What the task asks: Drop all images. Then write out each line below exactly as given.

Information supplied:

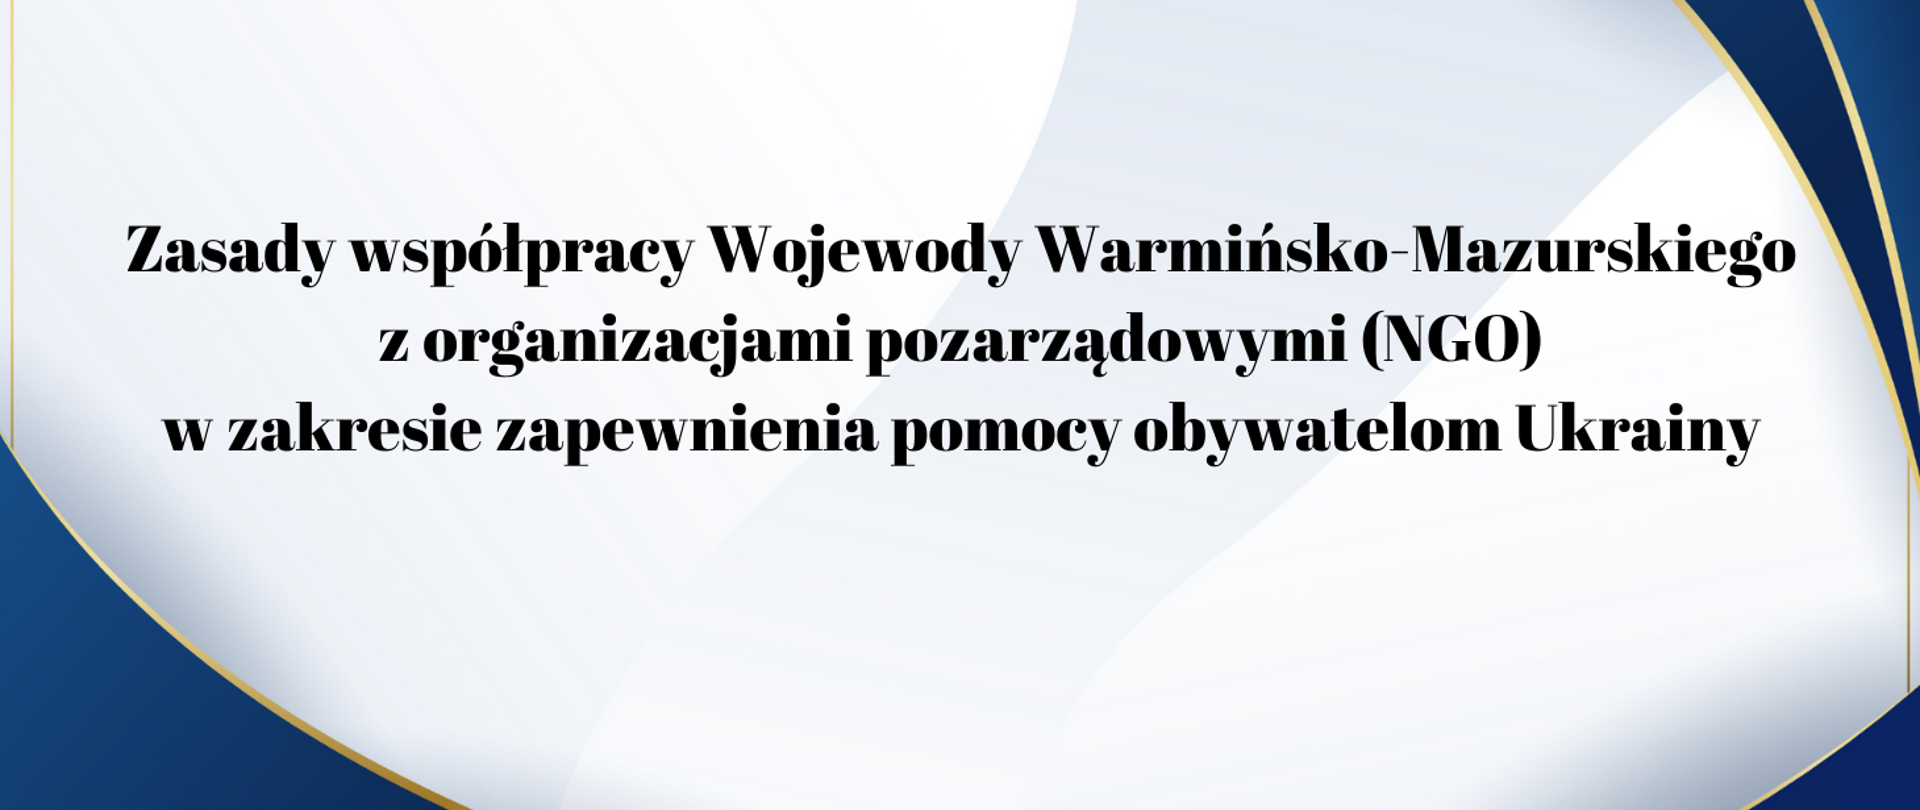 Zasady współpracy Wojewody Warmińsko-Mazurskiego
z organizacjami pozarządowymi
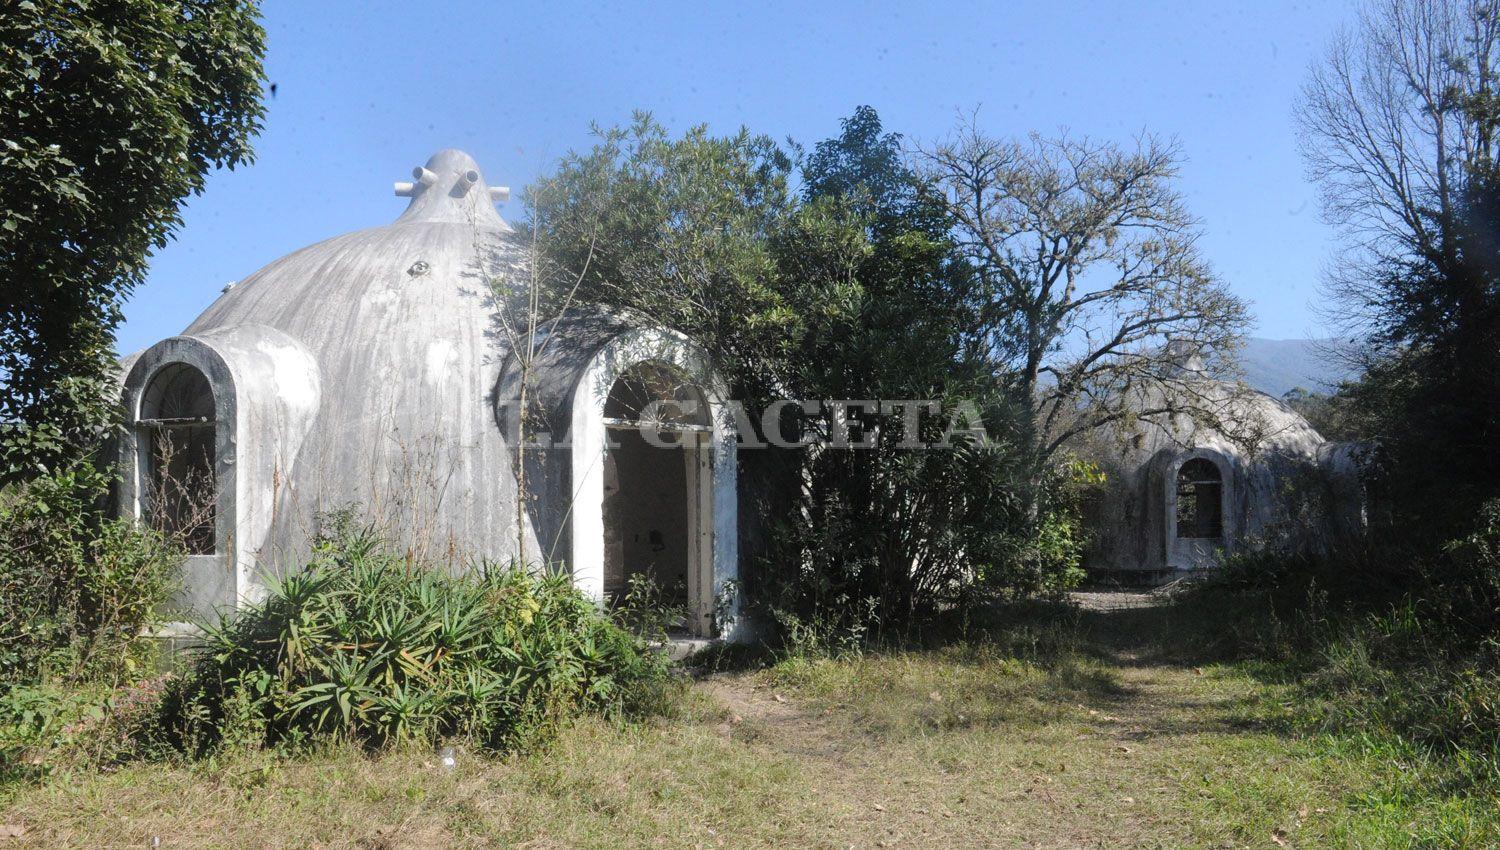 DESEADA POR TODOS. Las casa de los iglús es un punto que atrae a turistas y a tucumanos, por su diseño arquitectónico y sus rincones tenebrosos.

Final answer:
 Zasady współpracy Wojewody Warmińsko-Mazurskiego
z organizacjami pozarządowymi
 DESEADA POR TODOS. Las casa de los iglús es un punto que atrae a turistas y a tucumanos, por su diseño arquitectónico y sus rincones tenebrosos.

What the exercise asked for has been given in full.